Sugarcane, the documentary from filmmakers Julian Brave NoiseCat and Emily Kassie, dives headfirst into the aftermath of the discovery of these unmarked graves, finding and following First Nation survivors of Canada’s boarding schools and reckoning with the dark legacy of these institutions. Their documentary premiered at the 2024 Sundance Film Festival, where it won the Grand Jury award for directing. Since then, Sugarcane has been acquired by National Geographic and has played at film festivals across the country—racking up awards, and most recently leading the Critics Choice Documentary Awards with eight nominations.
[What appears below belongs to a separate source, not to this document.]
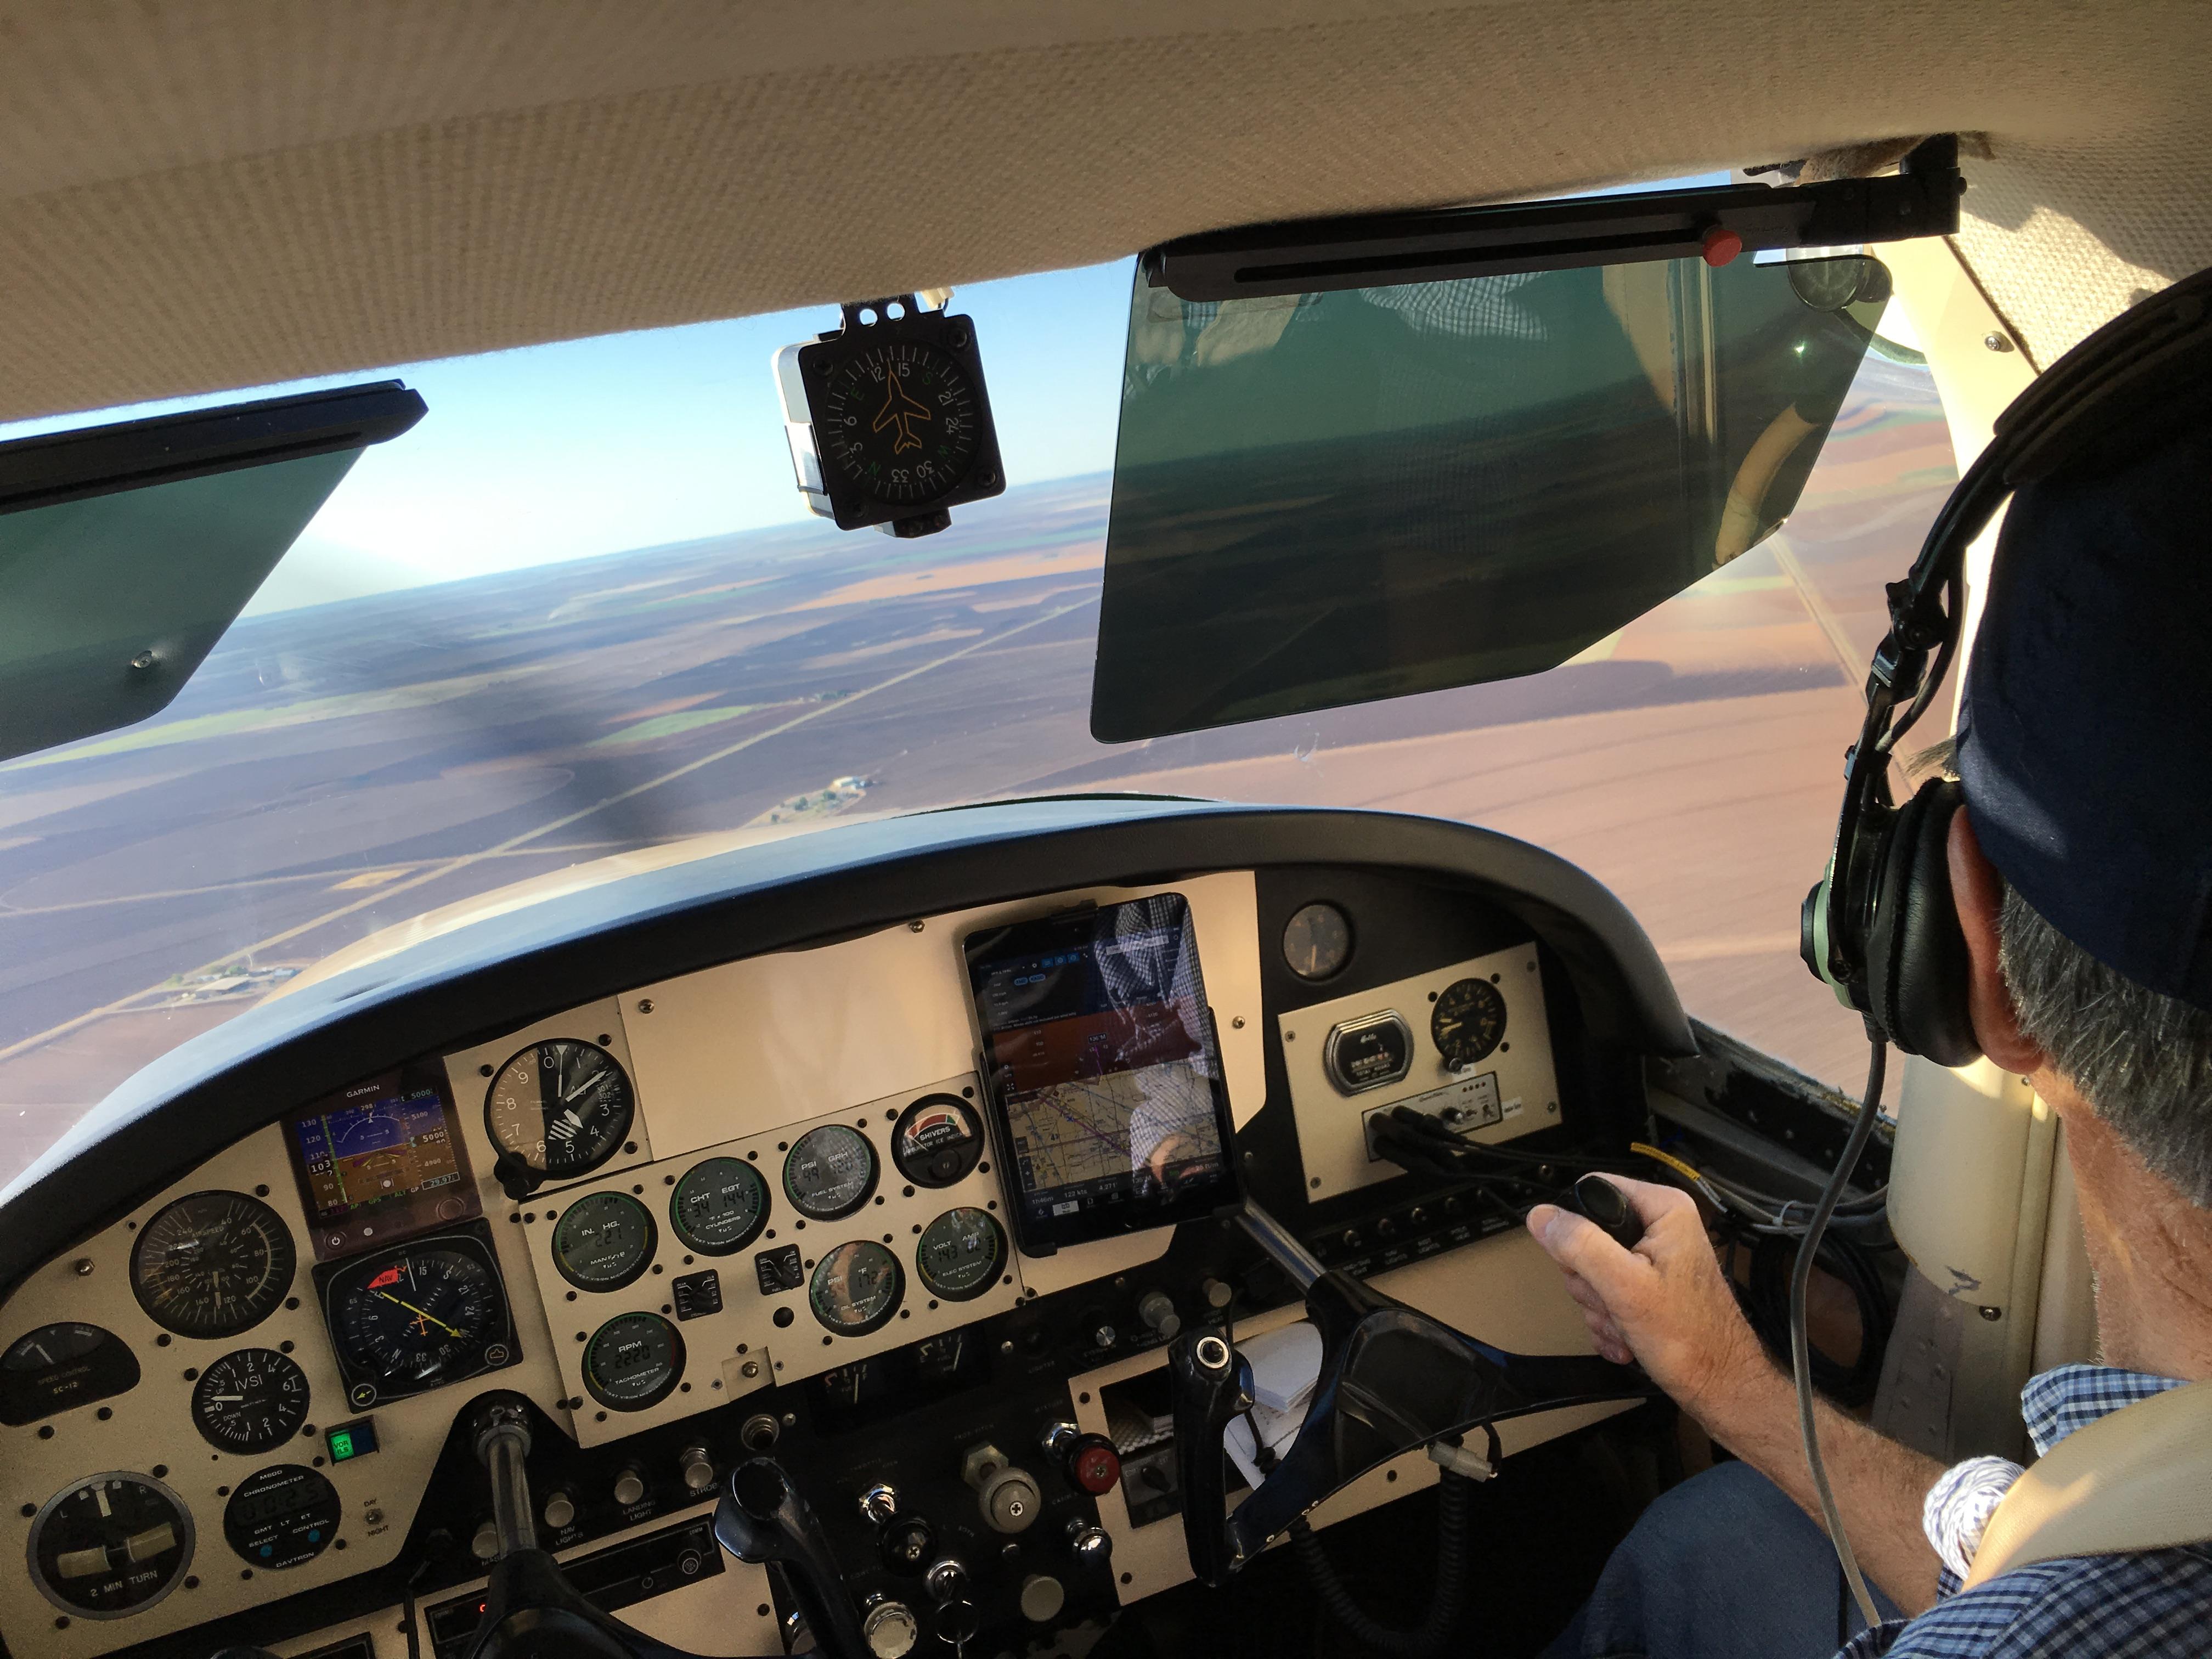 Panel mounted iPad - Cessna 180? - Backcountry Pilot

Now Gladstone has boarded Sugarcane as an executive producer.

“You’re not going to find any Indigenous person in North America, Canada, the US, elsewhere, or really Indigenous people worldwide that didn’t go through some kind of program like this,” Gladstone says. “It’s the second wave of colonization.”

The film is deeply personal for Gladstone, as both a member of the Blackfeet tribe and an artist. Before she became the first Native American actress to win a Golden Globe and be nominated for a best-actress Academy Award for Killers of the Flower Moon, Gladstone was a theater artist and activist. “I spent a good part of my 20s doing theater work for social change and social justice,” she says. Part of that involved starring in a one-woman educational show about the Indigenous boarding school experience.